# [Exercise goal]
From the line containing "TEST F1 BARCELLONA" through the last line of the records below, each line is to be repeated exactly; pictures are to be omitted.

# [Information provided]
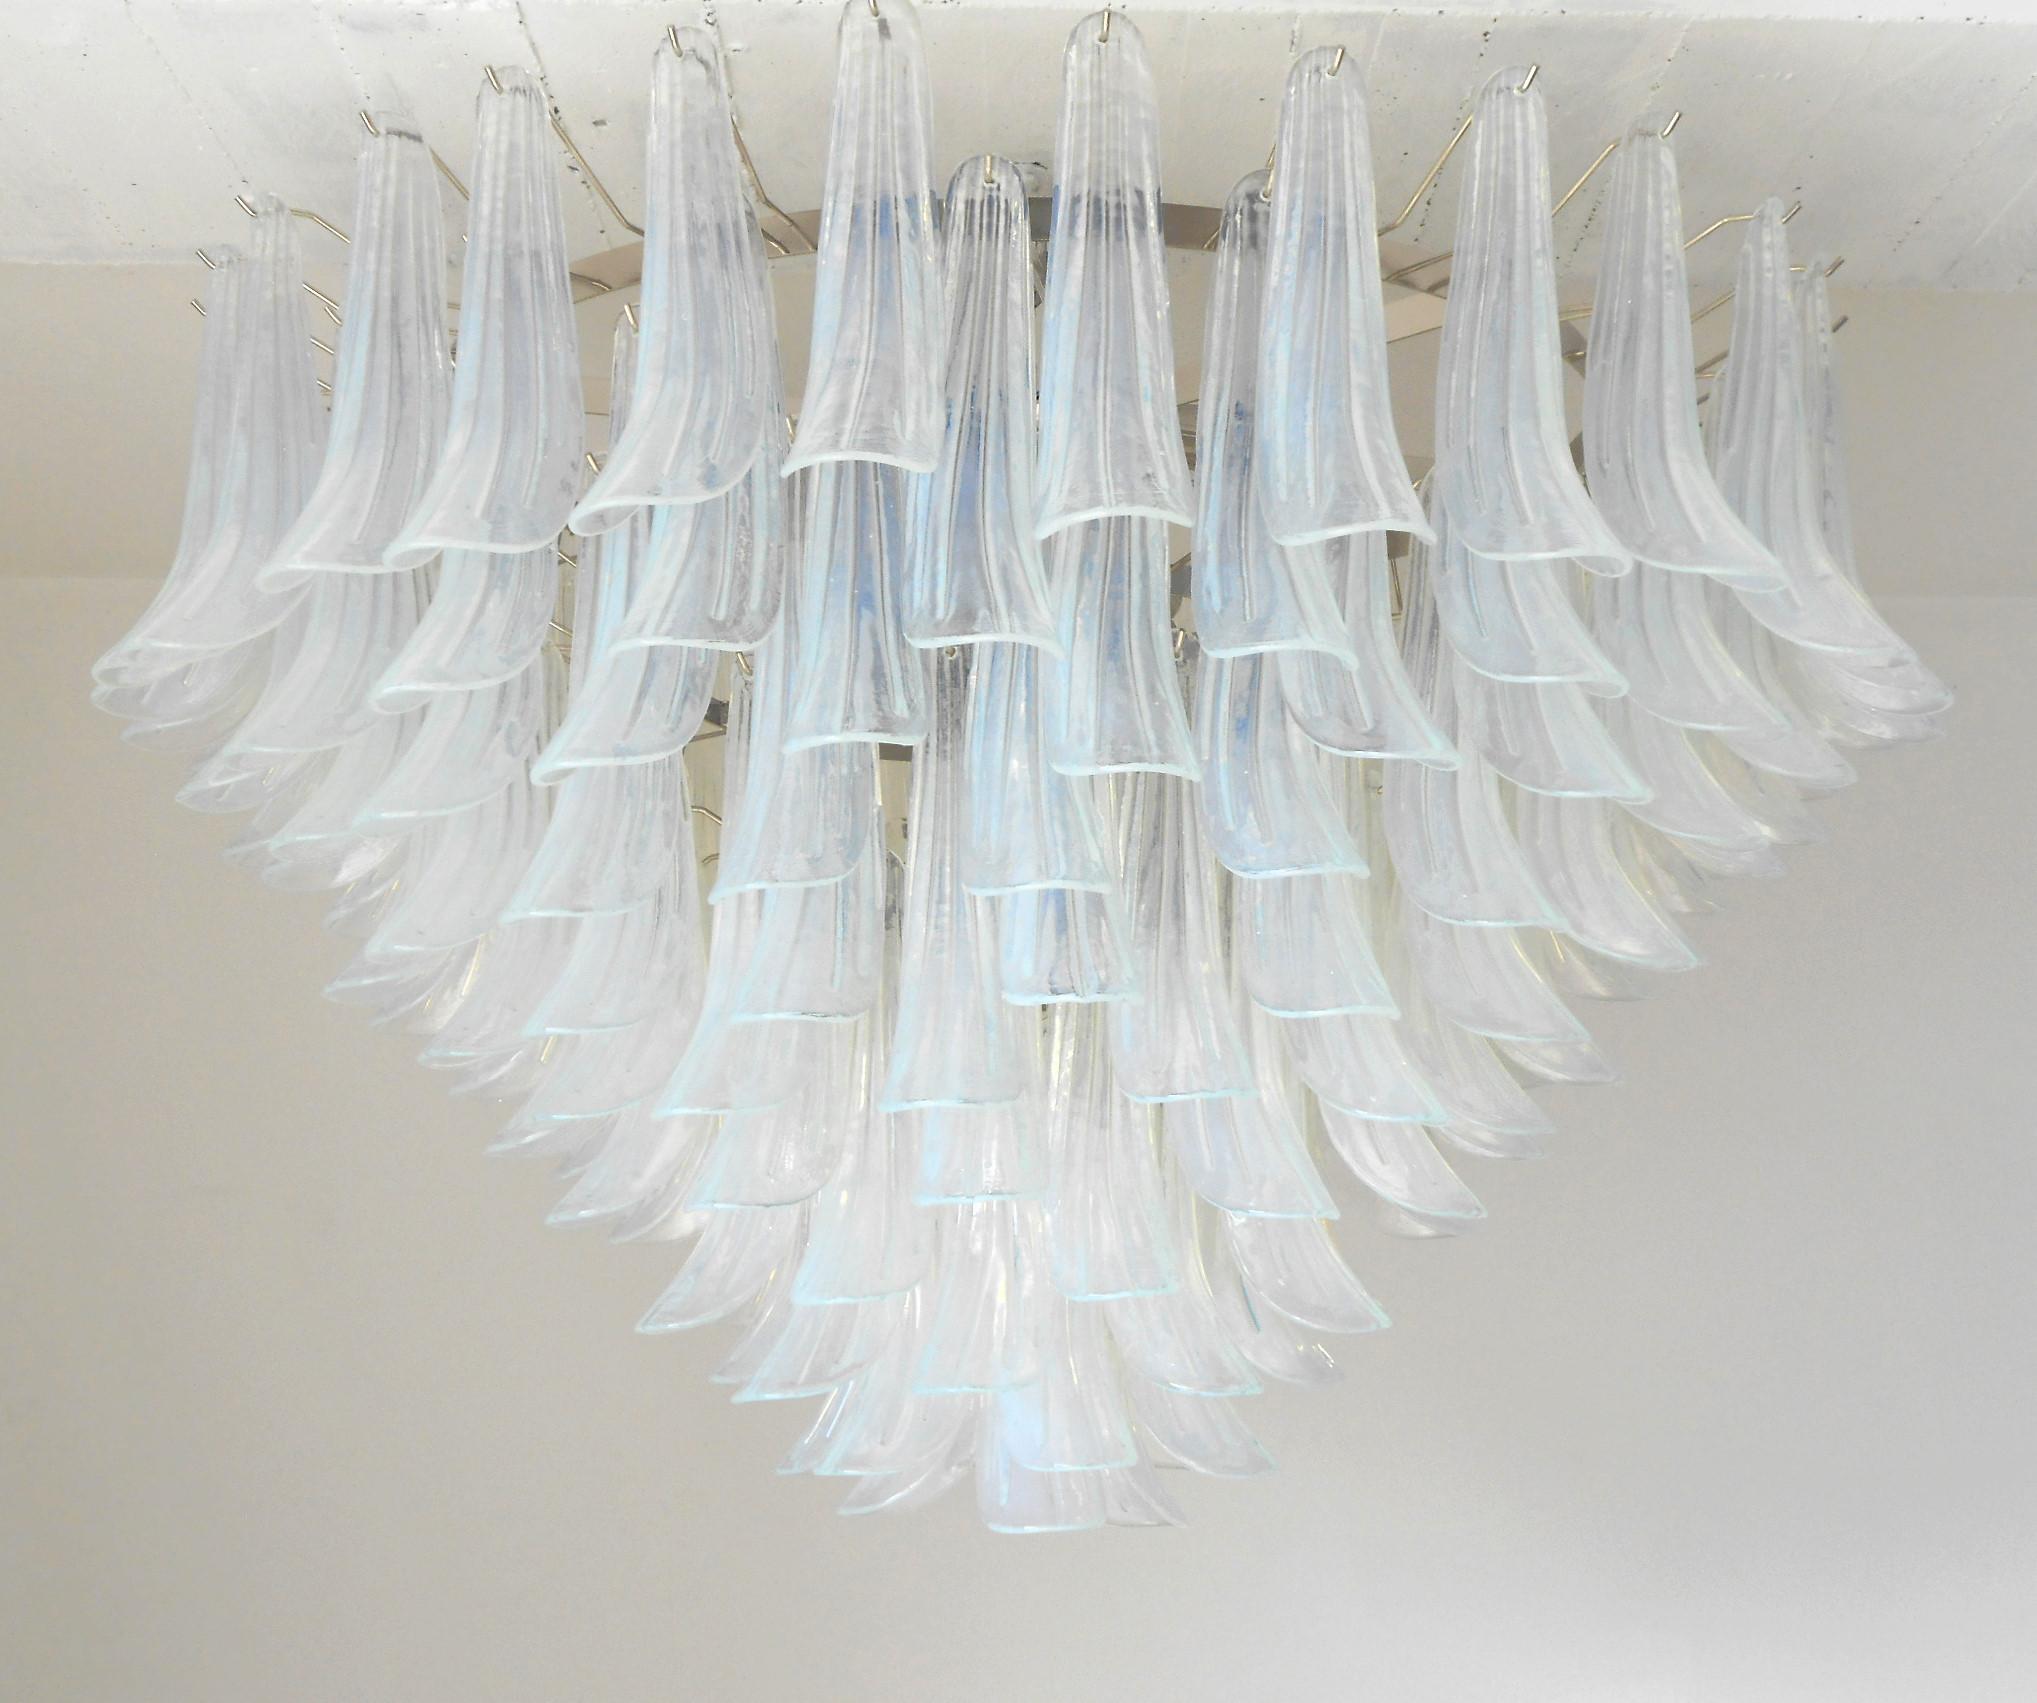 Italian chandelier shown with iridescent opaline Murano glass petals mounted on chrome finish frame / Designed by Fabio Bergomi for Fabio Ltd, inspired by Mazzega / Made in Italy
21 lights / E26 or E27 type / max 60W each
Measures: diameter 47
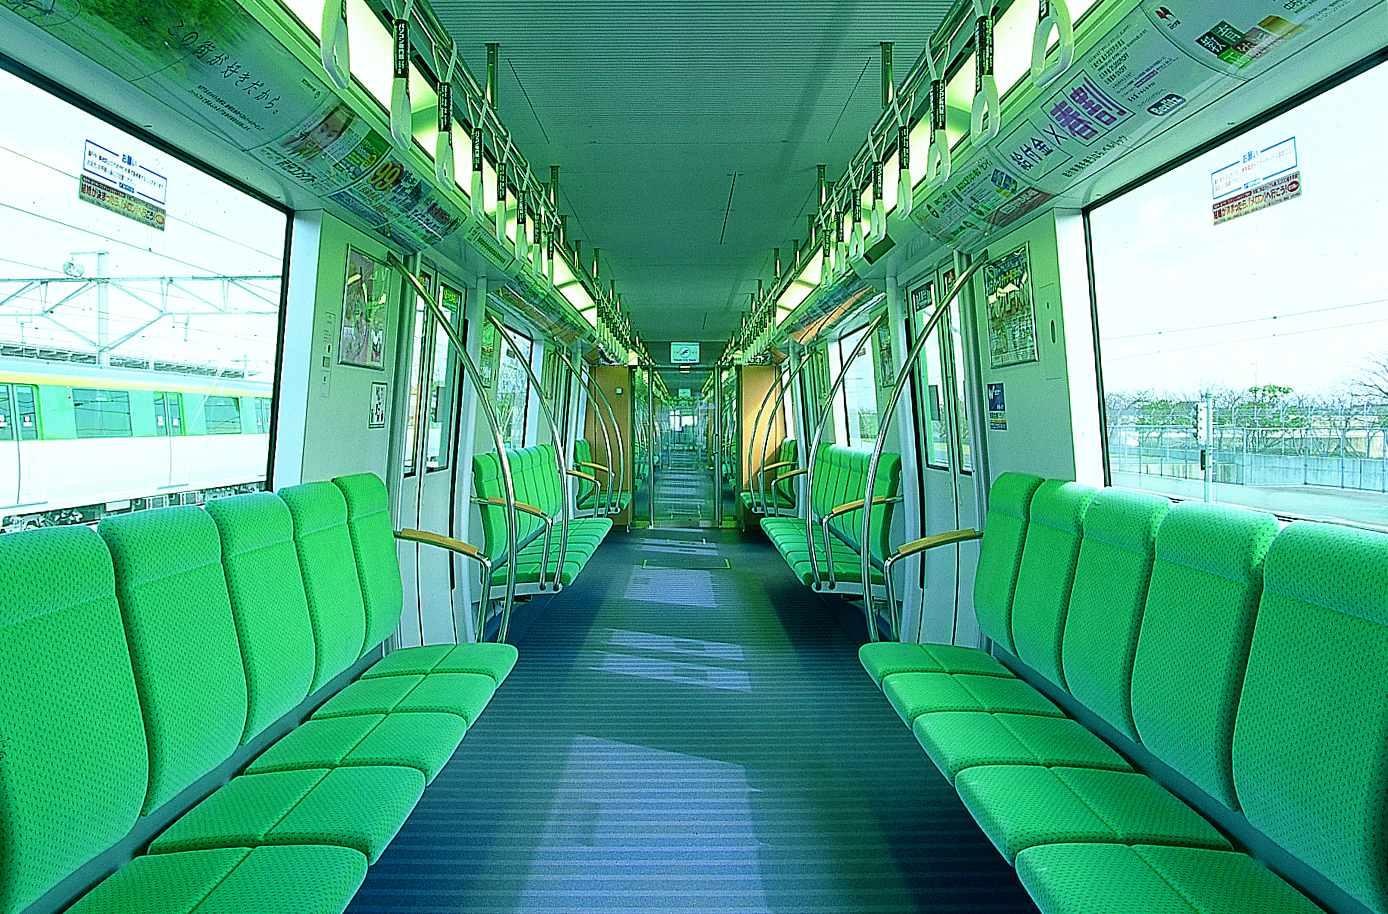 Interior of subway car with green seats along the wall and three doorways per side of car. 
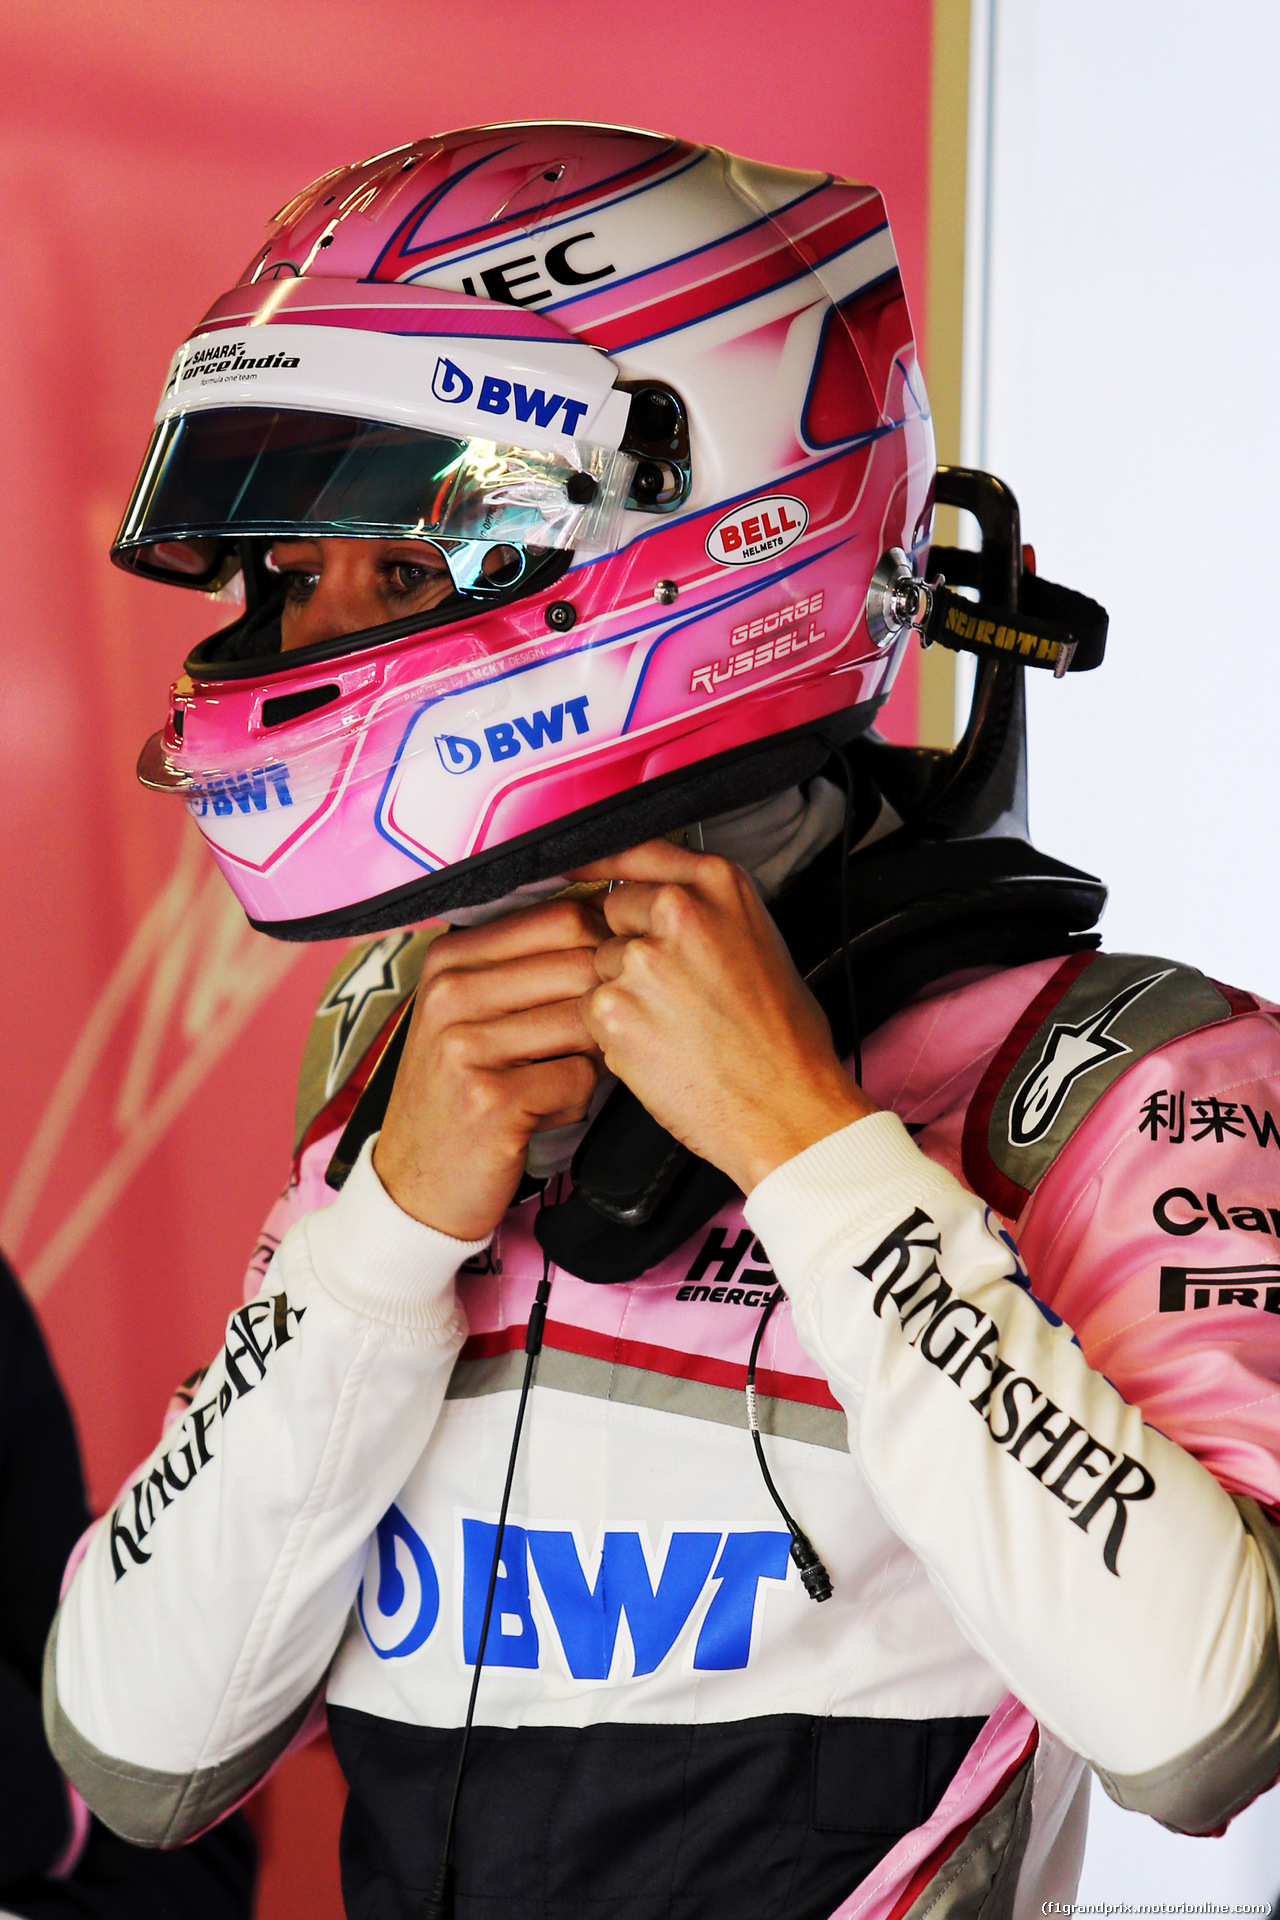 TEST F1 BARCELLONA 15 MAGGIO, George Russell (GBR) Sahara Force India F1 Team Test Driver.
15.05.2018.

# [Solution to this task]
 TEST F1 BARCELLONA 15 MAGGIO, George Russell (GBR) Sahara Force India F1 Team Test Driver.
15.05.2018.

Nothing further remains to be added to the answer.